The Edge Restaurant showcases the style and essence of our renowned restaurant chefs in elegant surroundings and perched on the shores of Lough Foyle in Inishowen Peninsula looking out across the waters in Donegal. Our name comes from the fact that if you were any closer to Magilligan Beach you’d be getting wet!
Our philosophy on food is simple, stunning dishes created with passion and served with attention to detail. We work with local suppliers to source the best ingredients so you can enjoy the best in Irish food. All our meats and fish are 100% Irish and fully traceable from farm to fork and the team work hard to ensure you can sit back, relax and enjoy the food, the wine, the service and of course the stunning view.
If you have any special dietary requirements our restaurant team will be delighted to assist.
VIEW Edge Restaurant Menu
Please note that for parties of 14 or more people the following menu is offered VIEW
Meet the team
From his grandfather’s butcher shop in Eglinton, Head Chef Gordon Smyth has had quite a journey. This quiet genius of food has made his way back to his roots via a circuitous route through 5-star resorts and establishments boasting 3 AA Rosettes. His experience both in these islands and across the world has included the opportunity to work under such renowned chefs as Charlie Trotter and Daniel Boulud in America, Marco-Pierre White in London and Tetsuya Wakuda in Sydney. Back home, a spell working in the 5 star Lough Erne Resort followed by his move to the Redcastle Hotel on the magnificent Inishowen peninsula.
Of course Gordon could not be alone in this impressive achievement. Sous chef Kevin Brolly has brought his considerable experience to the team at The Edge for the past 3 years, working alongside Gordon. An award-winning chef, he was a recipient of a gold award at IFEX 2010, Ireland’s largest International Food, Drink, Hospitality and Retail Exhibition, for his mouth-watering seafood dish.
Like the waters of Lough Foyle over which it is perched there is a solid strength to The Edge Restaurant but also like those waters there is an undercurrent of excitement. As the AA criteria demand, the recipient of a rosette should be a place “where guests can eat in with confidence and a sense of anticipation”. How very apt!

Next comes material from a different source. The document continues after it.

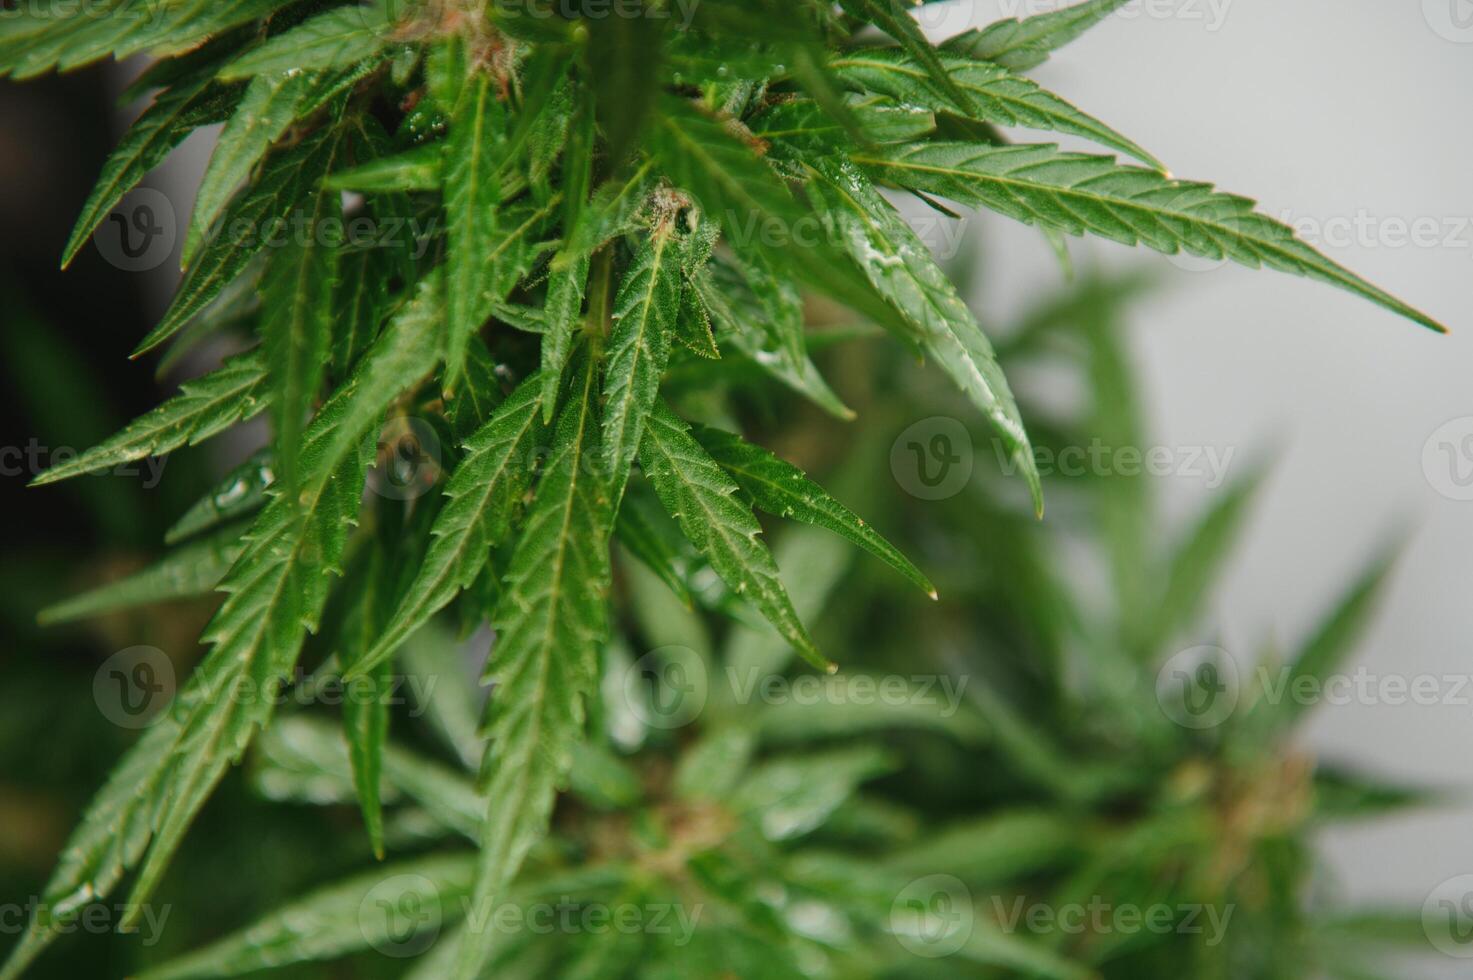 blomma knopp av cannabis satival i de växthus, marijuana blomma knopp bakgrund, ört- medicin foto

The Edge Restaurant Awards:
One AA Rosette is, according to the AA, only achievable by about 10% of restaurants in the UK. Their advice that a restaurant should not “chase awards, rather see them as something to celebrate when they come along” rings true for The Edge restaurant. Believing in the journey that produces results and not the razzmatazz of a quick fix has always been the ethos of the team at The Edge. A quote directly from the AA highlighted the staff and service as ‘’smooth and professional yet underpinned by natural friendliness’’ All the staff are very grateful to accept this praise and the award yet very determined to continue as normal.